# Hi, new to this site!



## MAC_addict_77 (Sep 14, 2005)

Just wanted to say a quick hello. I found this site on MUA.com and love it here. I am totally in love with MAC and am amazed at some of you girls' collections. 
My name is Monika but you can call me Moni, I am 28 and live in Springfield, MO. I am very happily married and we have a beautiful 4 year old daughter. I look forward to getting to know you guys


----------



## Juneplum (Sep 14, 2005)

welcome to specktra moni!!


----------



## MAC_addict_77 (Sep 14, 2005)

Thank you!


----------



## user4 (Sep 14, 2005)

WELCOME MONI... hope u enjoy!!!!!!! im pretty sure you will though.

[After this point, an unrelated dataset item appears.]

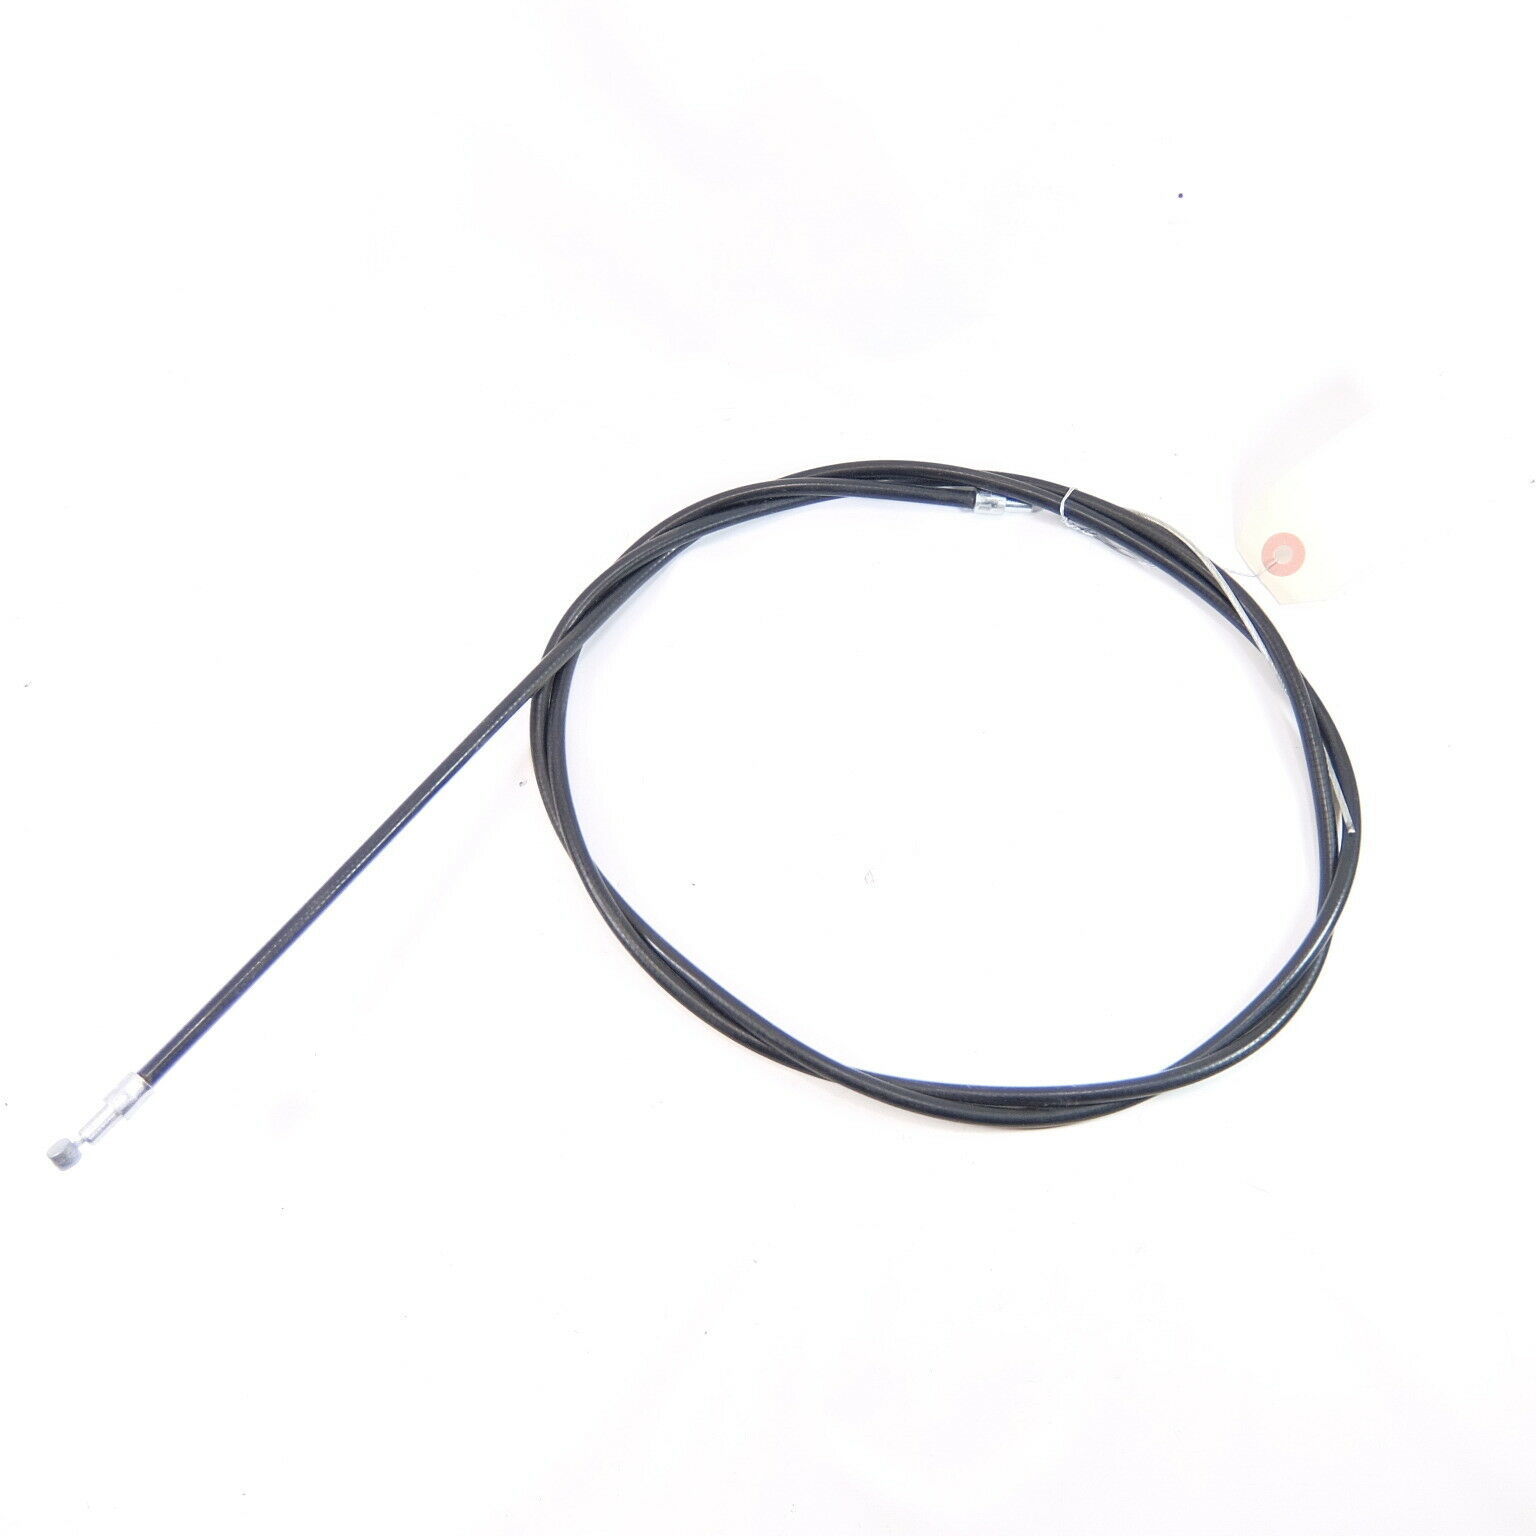 New OEM Ferris 58049501 Cable - $8.00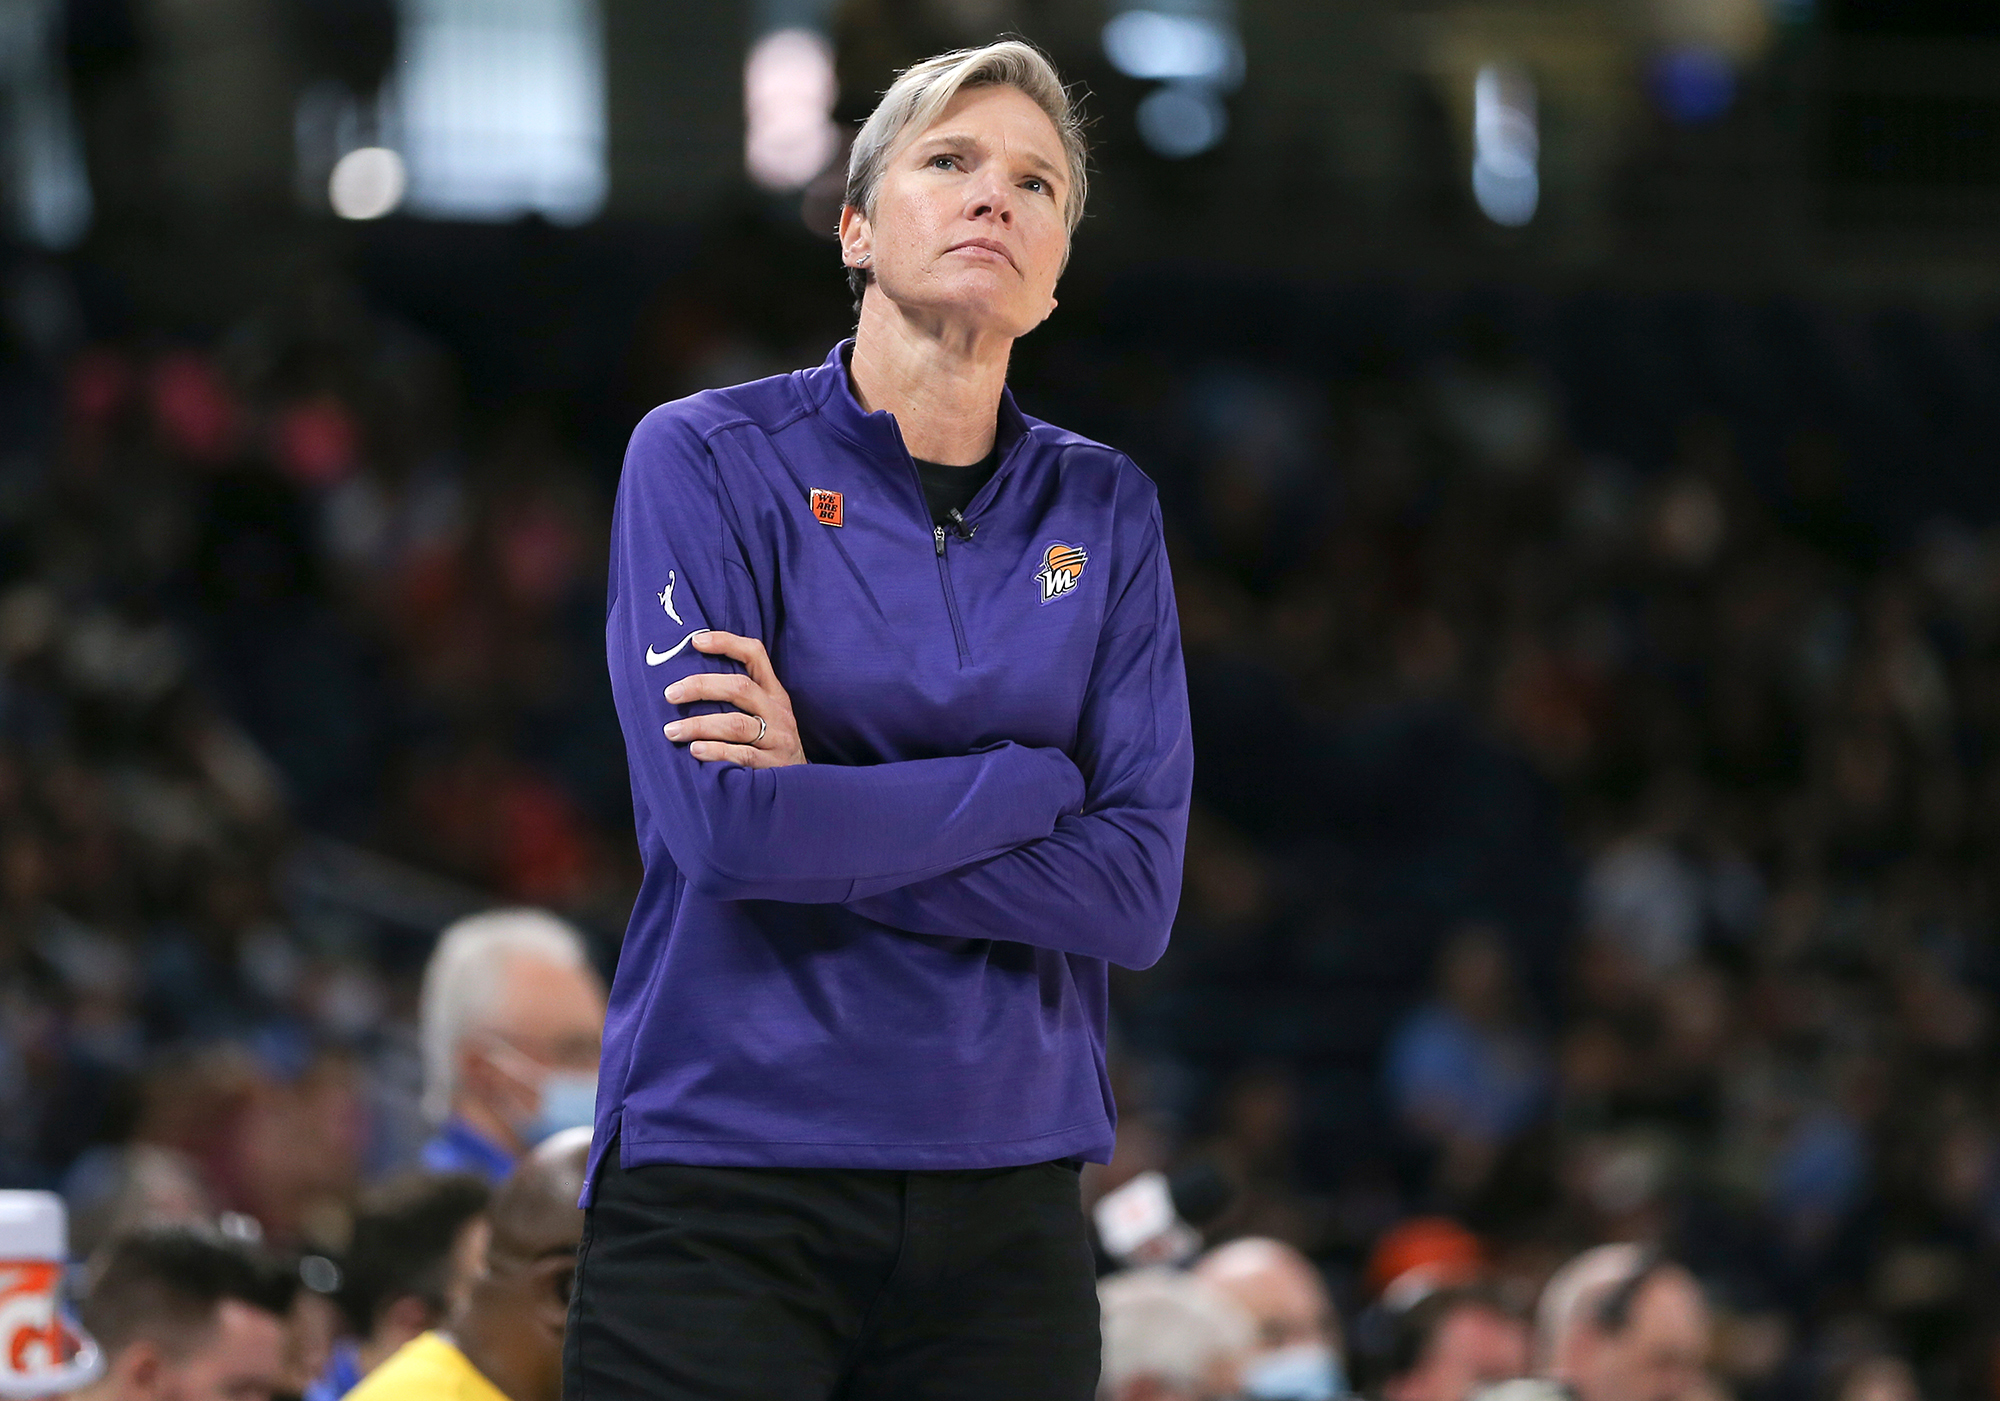 Phoenix Mercury head coach Vanessa Nygaard looks on during a WNBA game on July 2, in Chicago, Illinois.

Looking forward to seeing pics of you FOTDs and of your beautiful baby girl!!!


----------



## Janice (Sep 14, 2005)

Welcome to Specktra Moni, it's a pleasure to have you here. Please let one of the staff know if you need assistance with anything.


----------



## NIXIE (Sep 14, 2005)

Glad you could join us!!!


----------



## Shawna (Sep 14, 2005)

Welcome to Specktra


----------



## user2 (Sep 14, 2005)

Hey Moni and welcome to Specktra!

I'm sure you'll have fun here!


----------



## Hikaru-chan (Sep 14, 2005)

Welcome to Specktra.


----------



## mac_obsession (Sep 14, 2005)

Welcome to Specktra Moni


----------



## MAC_addict_77 (Sep 14, 2005)

Thank you guys, you are all too sweet


----------



## colormust (Sep 14, 2005)

welcome  : D


----------



## singinmys0ng (Sep 17, 2005)

Welcome to Specktra!!


----------